Das sagte Promoter Michael Arfin zu Rammstein, als sie 1997 zum ersten Mal in die USA kamen. Sechs Deutsche in Ledermontur, die Flammenwerfer schwingen und Songs über Sex, Tod und Gewalt grunzen—nicht gerade das Patent-Rezept für transatlantischen Erfolg, auch wenn die Texte keiner versteht. Trotzdem hat Rammsteins einzigartige Mischung aus Pomp und Pyrotechnik dafür gesorgt, dass sie sowohl in einen Soundtrack von David Lynch als auch auf die Bühne vom Madison Square Garden passen (letzterer war 2010 in weniger als 30 Minuten ausverkauft). Entgegen aller Erwartungen sind Rammstein auch in Amerika ein Kult-Phänomen geworden.

Genau wie auch die Nine Inch Nails und Marilyn Manson zählen sie als Einsteigerband für Sympathisanten der abseitigen Seite des Rock. Rammstein zu hören ist eine Art Initiationsritus für jeden anspruchsvollen Teenager, der gerade die Freuden alternativer Musik und Kultur entdeckt hat. Sie haben sich über lange Zeit bewährt und werden in einem Atemzug mit allen amerikanischen Rockgrößen genannt, wenn es um Bands geht, die ihre Spuren im Bereich der härteren Musik hinterlassen haben. Es gibt allerdings zwei Dinge, die sie noch bemerkenswerter machen als Manson oder gar Metallica: Die Band besteht immer noch aus den selben Leuten und sie singen sehr selten englischsprachige Lyrics und sind trotzdem weltberühmt.

In der neuen Dokumentation Rammstein In Amerika wird der Aufstieg dieser sechs merkwürdigen Typen aus Ostberlin nachgezeichnet, von ihren Anfängen bis heute. Außerdem versucht sie, detailliert die Anziehungskraft der Band zu erörtern. Der Schlüssel zu ihrem Erfolg ist kein einzelner Aspekt ihres Daseins, wie die abgründigen Texte oder die bombastische Pyrotechnik; sondern die Art und Weise, wie Rammstein mit Intellekt, Witz und Kreativität etwas erschufen, dass nicht prätentiös ist: Eine Band, die unterhält und Grenzen sprengt, ohne sich von seiner eigenen Vision zu entfernen.
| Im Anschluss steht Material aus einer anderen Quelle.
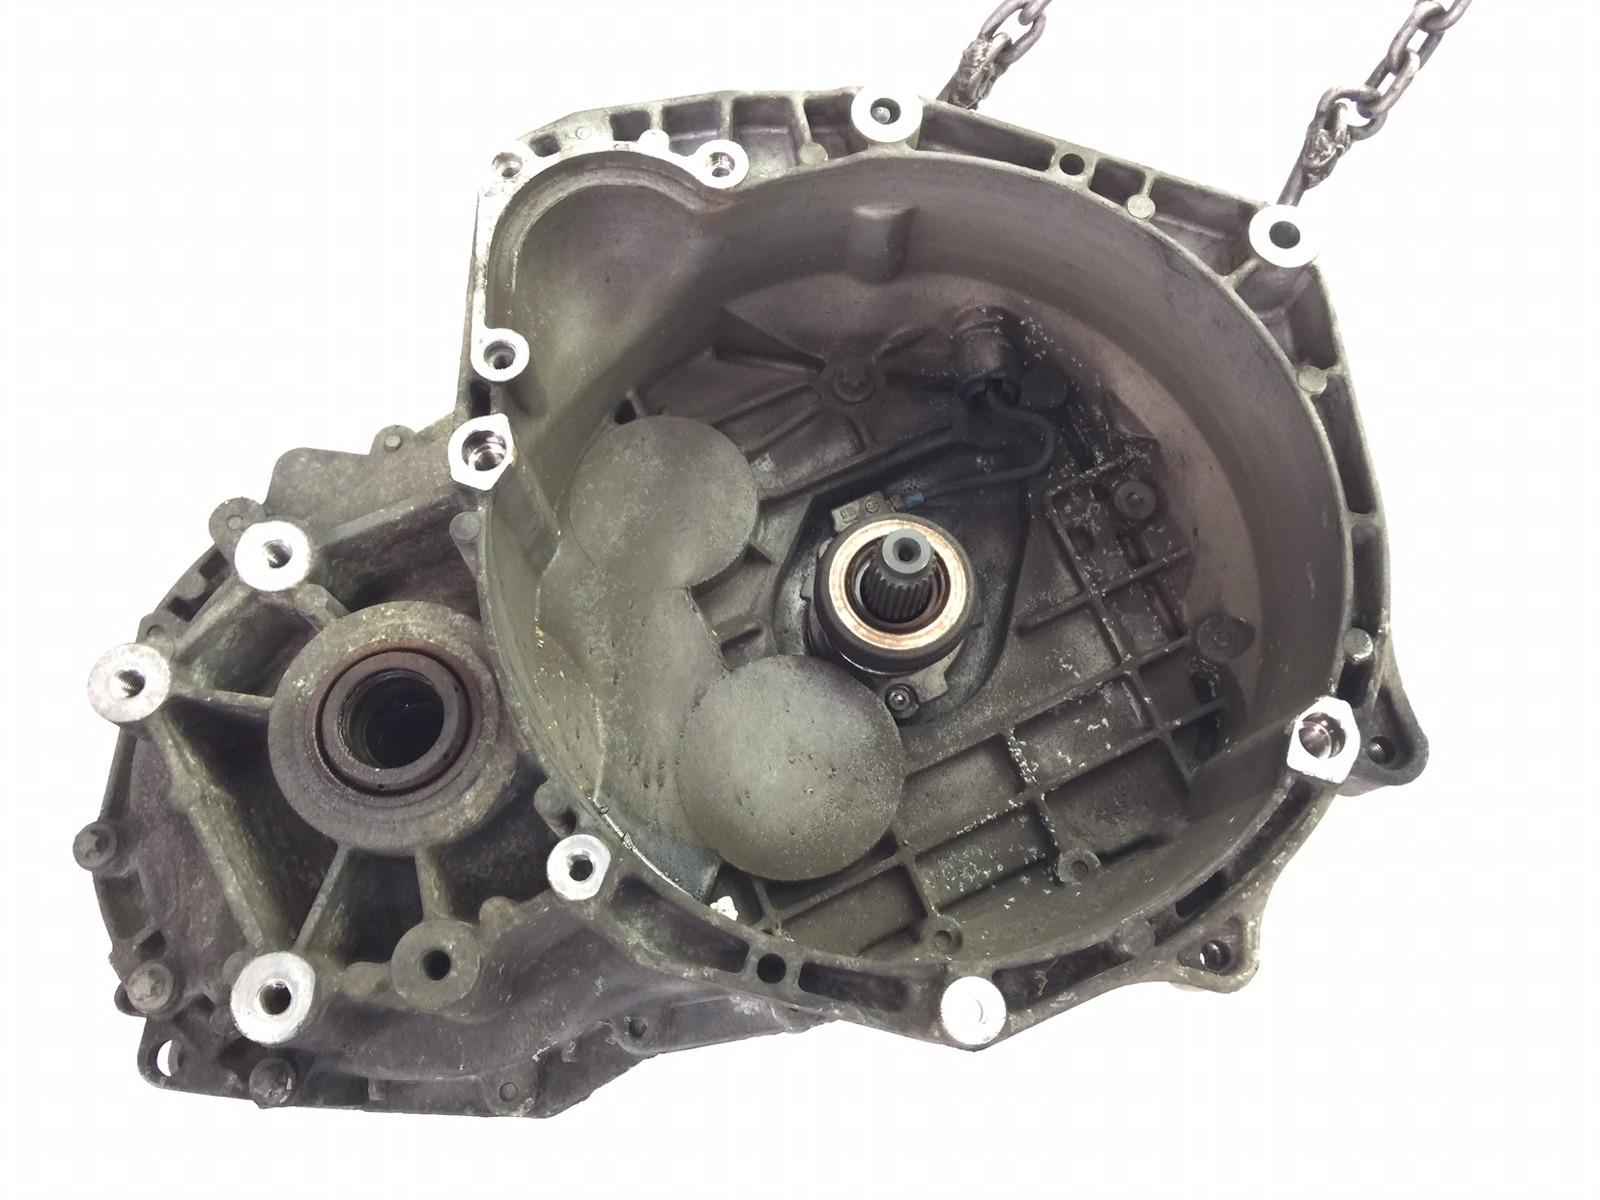 Кпп механическая (мкпп) Saab 9-3 1.9 TID 2008 (б/у)

Natürlich hat ihr Image eine Rolle bei ihrem Aufstieg zur Berühmtheit gespielt. Die vom BDSM inspirierten Riemen und Schnallen; Blut, schwarzer Lippenstift und Feuer; und natürlich Sänger Till Lindemann. Lindemann ist grüblerisch, mürrisch, muskulös und hat damit einen besonderen Sexappeal. Er ist nicht auf konventionelle Art gutaussehend, aber er verkörpert das Verlangen eines Teenie-Goths nach dem Ungewöhnlichen. Ein Mann, der die Bühne in voller Leder-Nieten-Montur erklimmt und über Kannibalismus und mörderische Lust singt, in einem Interview aber mit ernster Miene dasitzt und mit sanfter Stimme behauptet, dass seine Songs missverstandene Liebeslieder sind. Er ist wie Satan, der mit einem Welpen kuschelt oder Goliath in einem weichen Morgenmantel. Dieses extrem maskuline aber trotzdem sanfte Höllenbiest eines Mannes, der das Publikum mit Likör aus einem Dildo bespritzt und ihnen die Augenbrauen mit einem Flammenwerfer versengt, lässt selbst James Hetfield und Kerry King wie Frohnaturen aussehen. Lindemann ist ein ambivalenter Charakter; rohe Sexualität kombiniert er mit emotionaler Intelligenz und Sinn für Humor, was einer der Gründe dafür ist, dass Rammstein so faszinierend sind. Ihre feurigen Bühnenauftritte hätten nach ein paar Performances schnell zu einem Gimmick verkommen können, aber stattdessen scheinen die Flammen eine wirklich notwendige Erweiterung von Lindemanns Persönlichkeit zu sein.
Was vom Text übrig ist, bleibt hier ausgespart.